Task prompt >> Within the listing below, give again exactly the lines between the one containing "A photo collage" and the one containing "3pc Sterling Silver", inclusive, pictures left aside.

Material provided >>
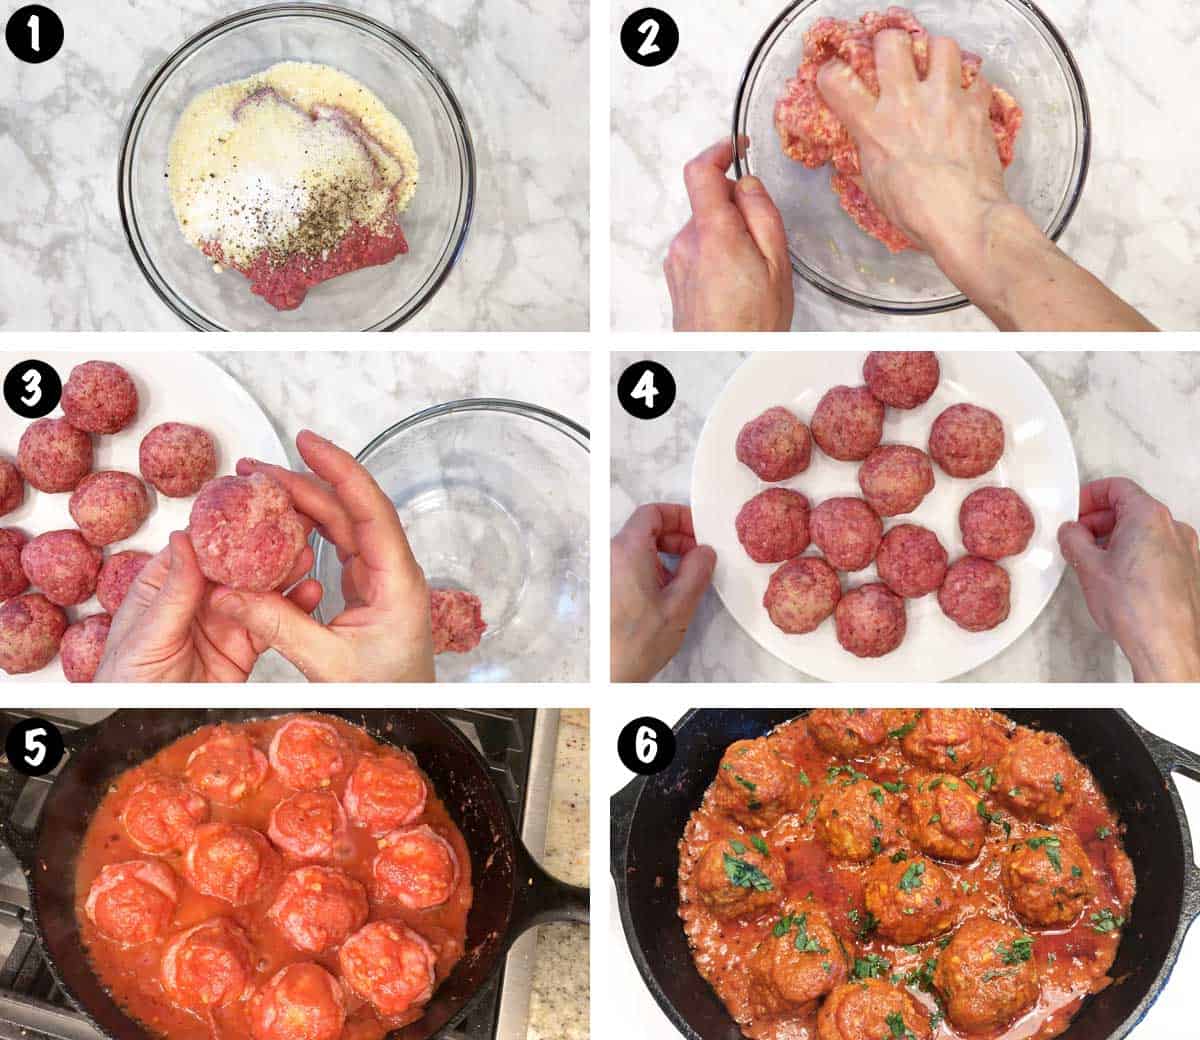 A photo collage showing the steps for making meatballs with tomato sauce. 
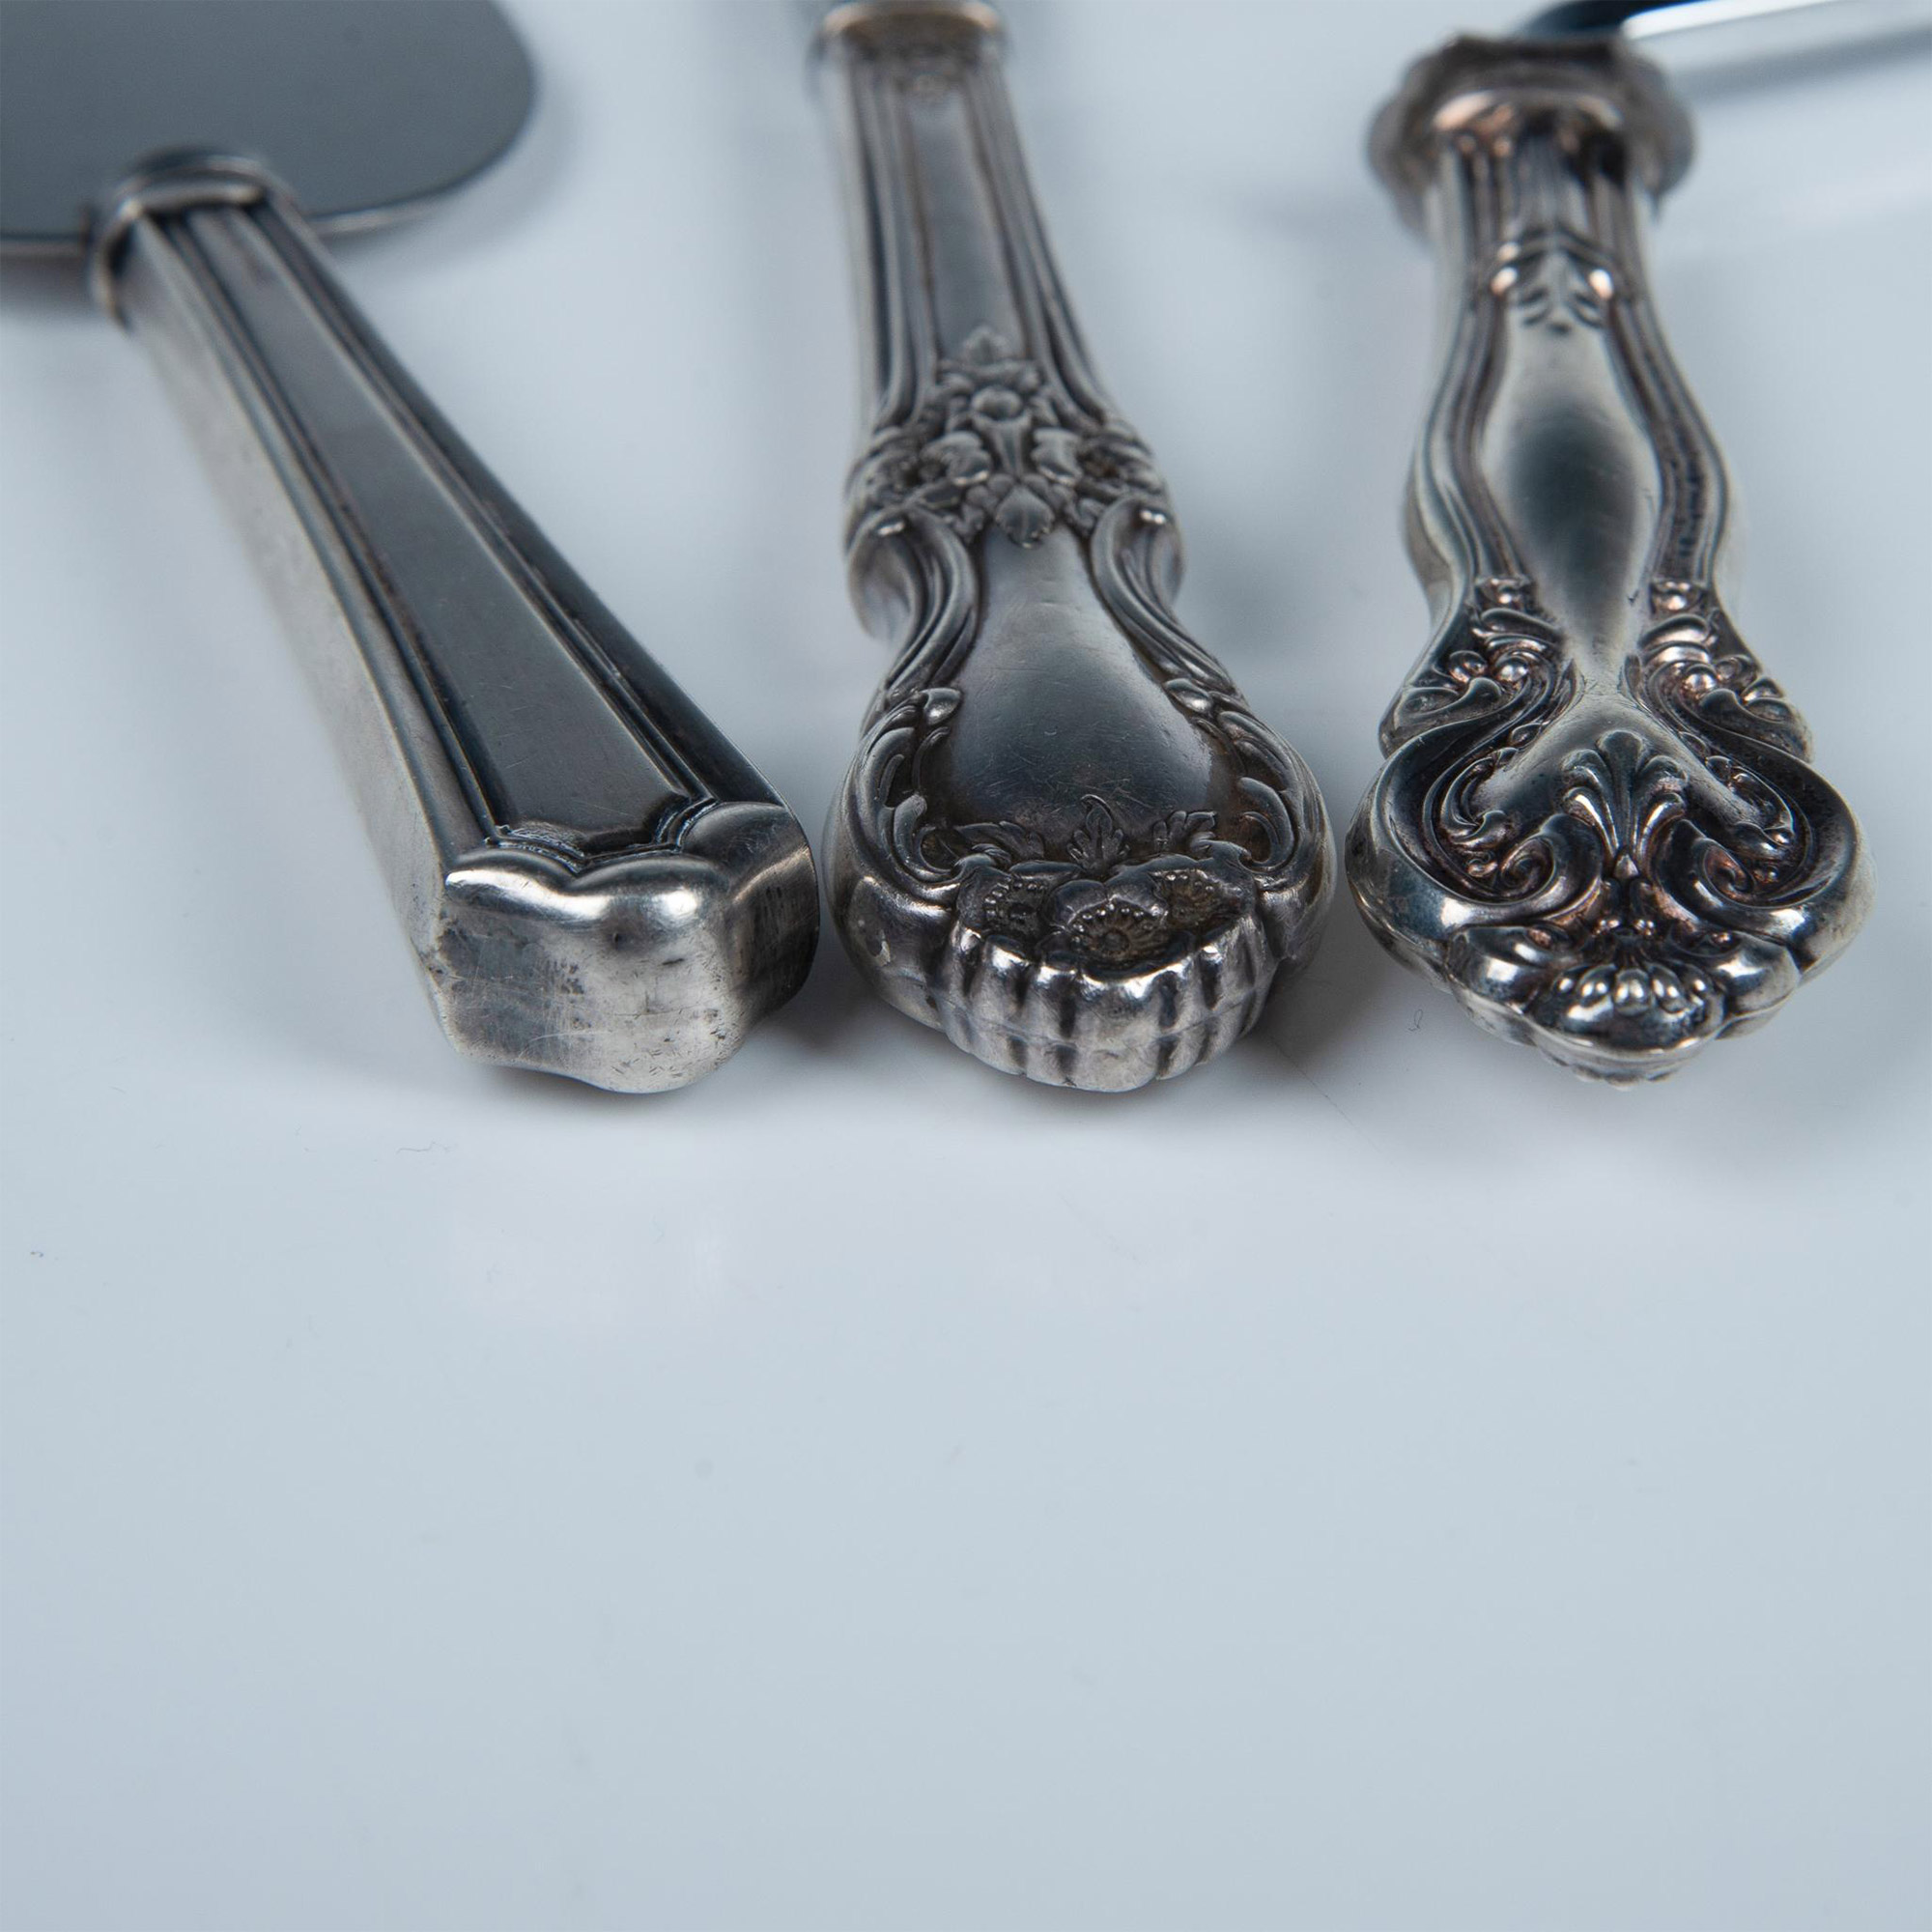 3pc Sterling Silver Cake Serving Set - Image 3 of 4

==

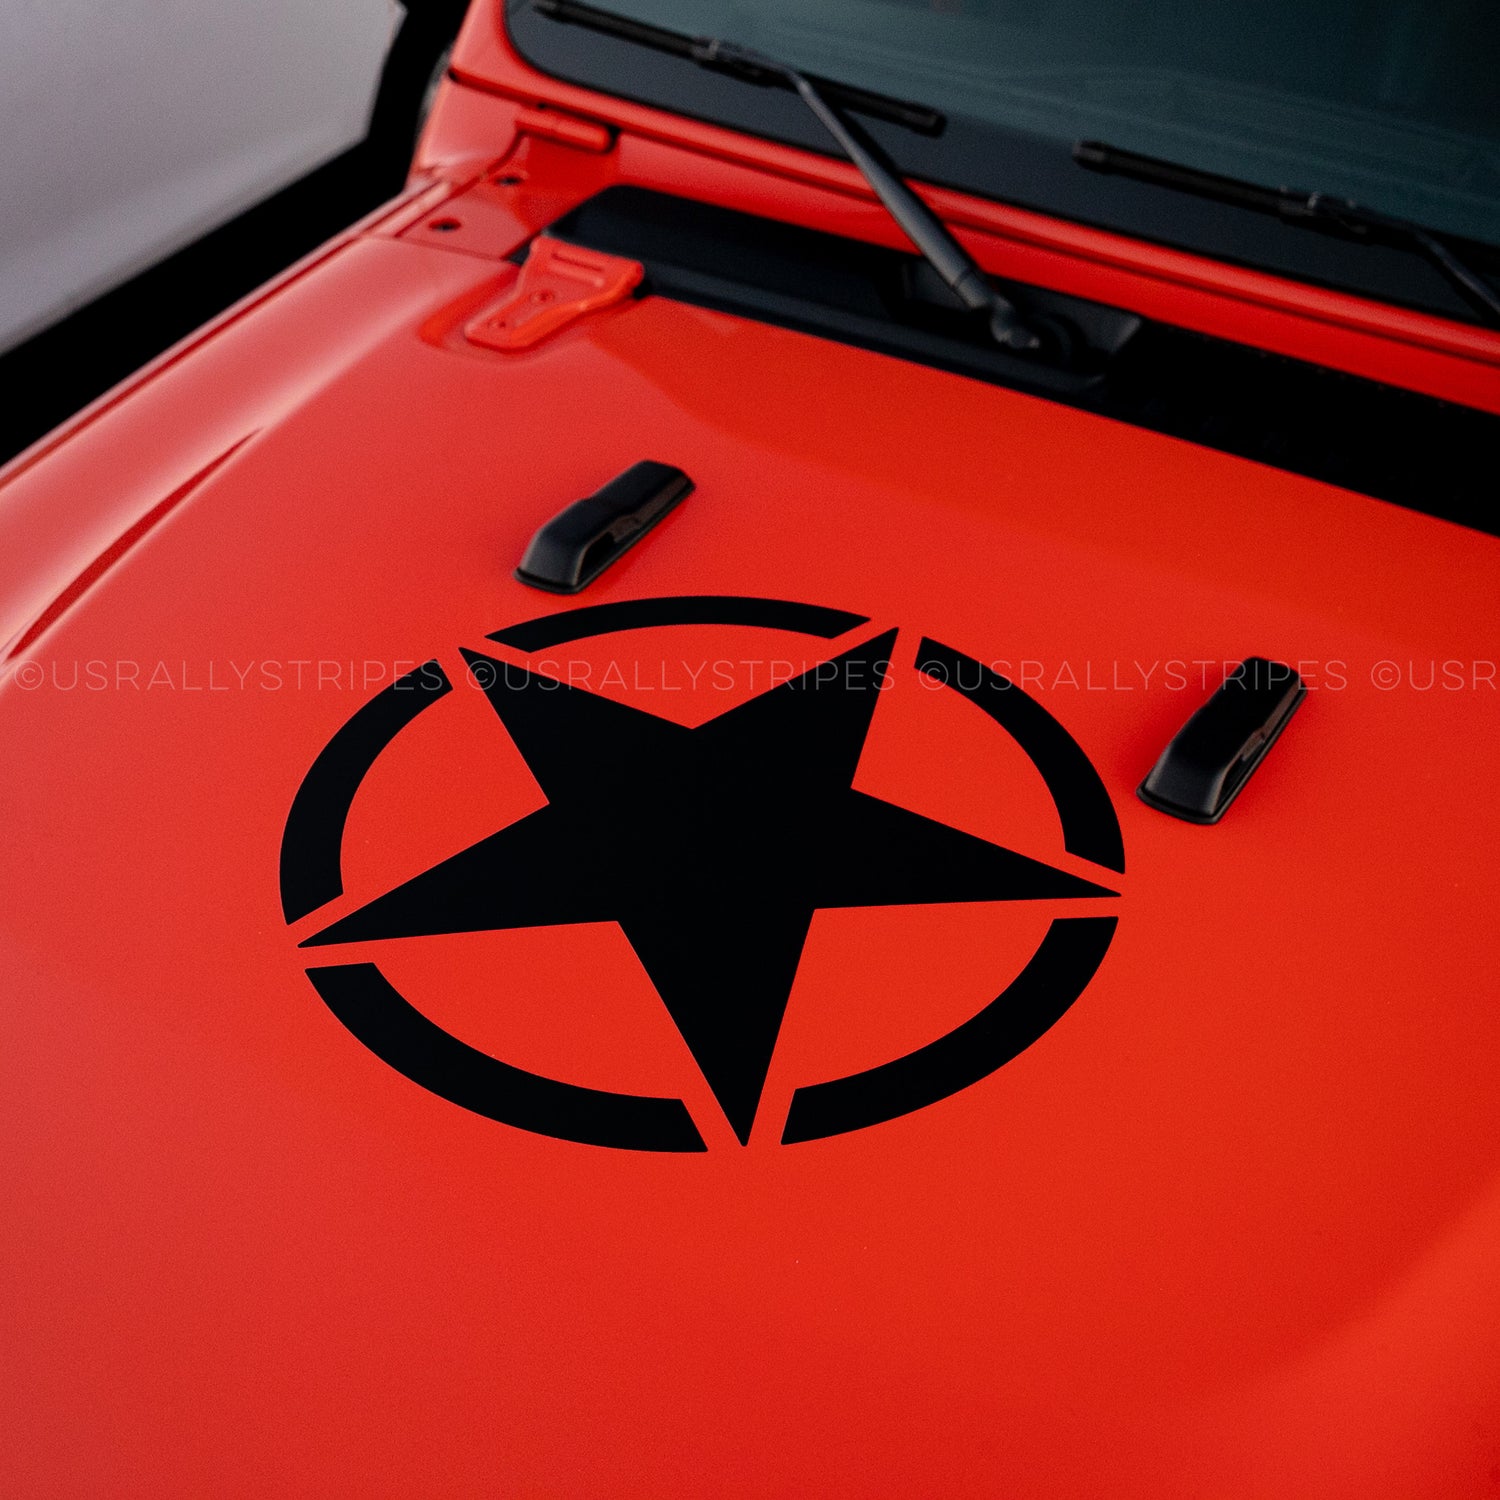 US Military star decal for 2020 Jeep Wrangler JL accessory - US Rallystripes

---

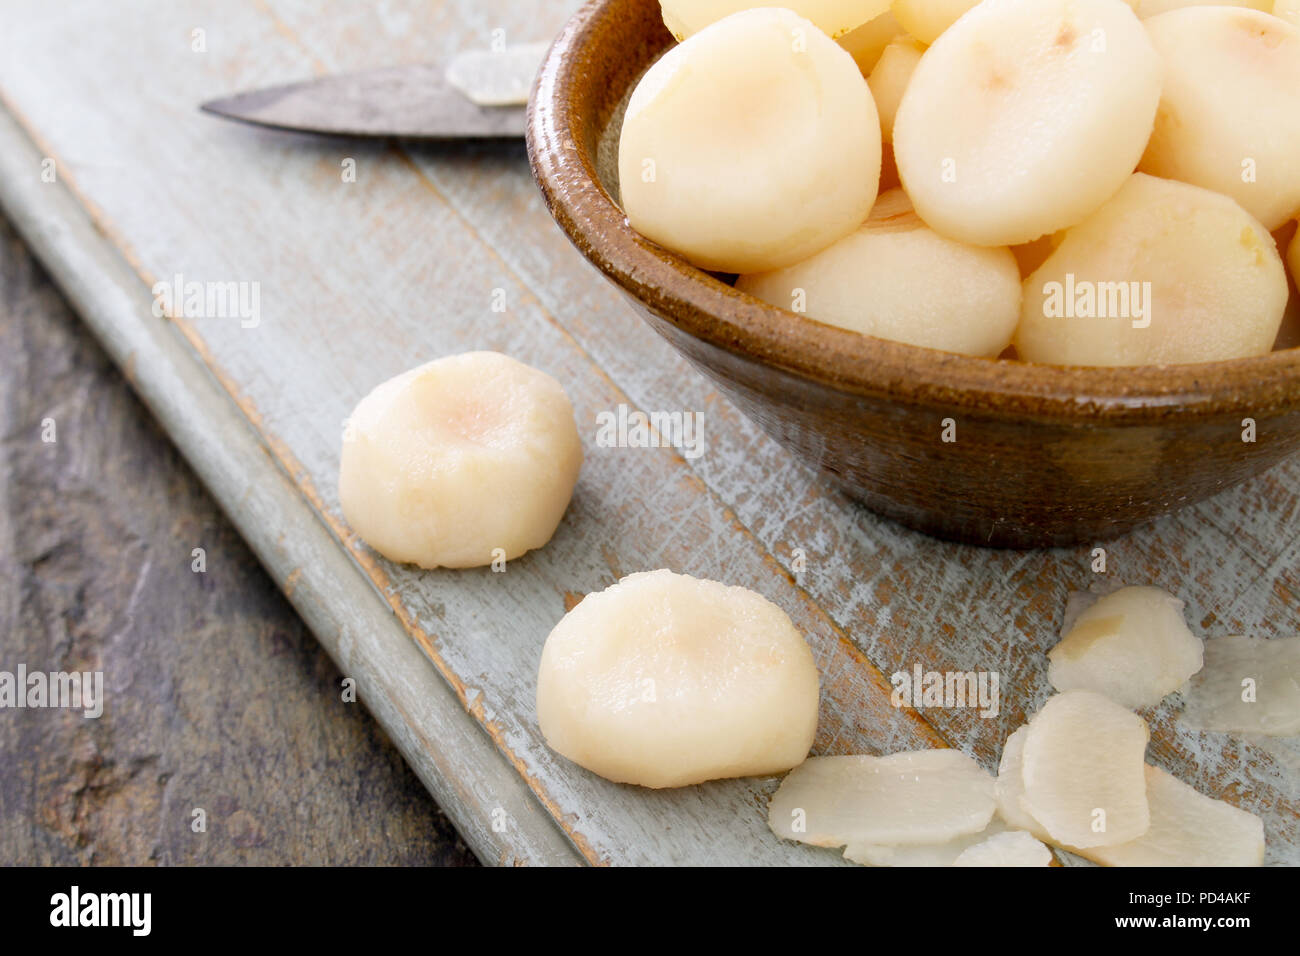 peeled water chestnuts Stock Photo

Written response >>
 A photo collage showing the steps for making meatballs with tomato sauce. 
 3pc Sterling Silver Cake Serving Set - Image 3 of 4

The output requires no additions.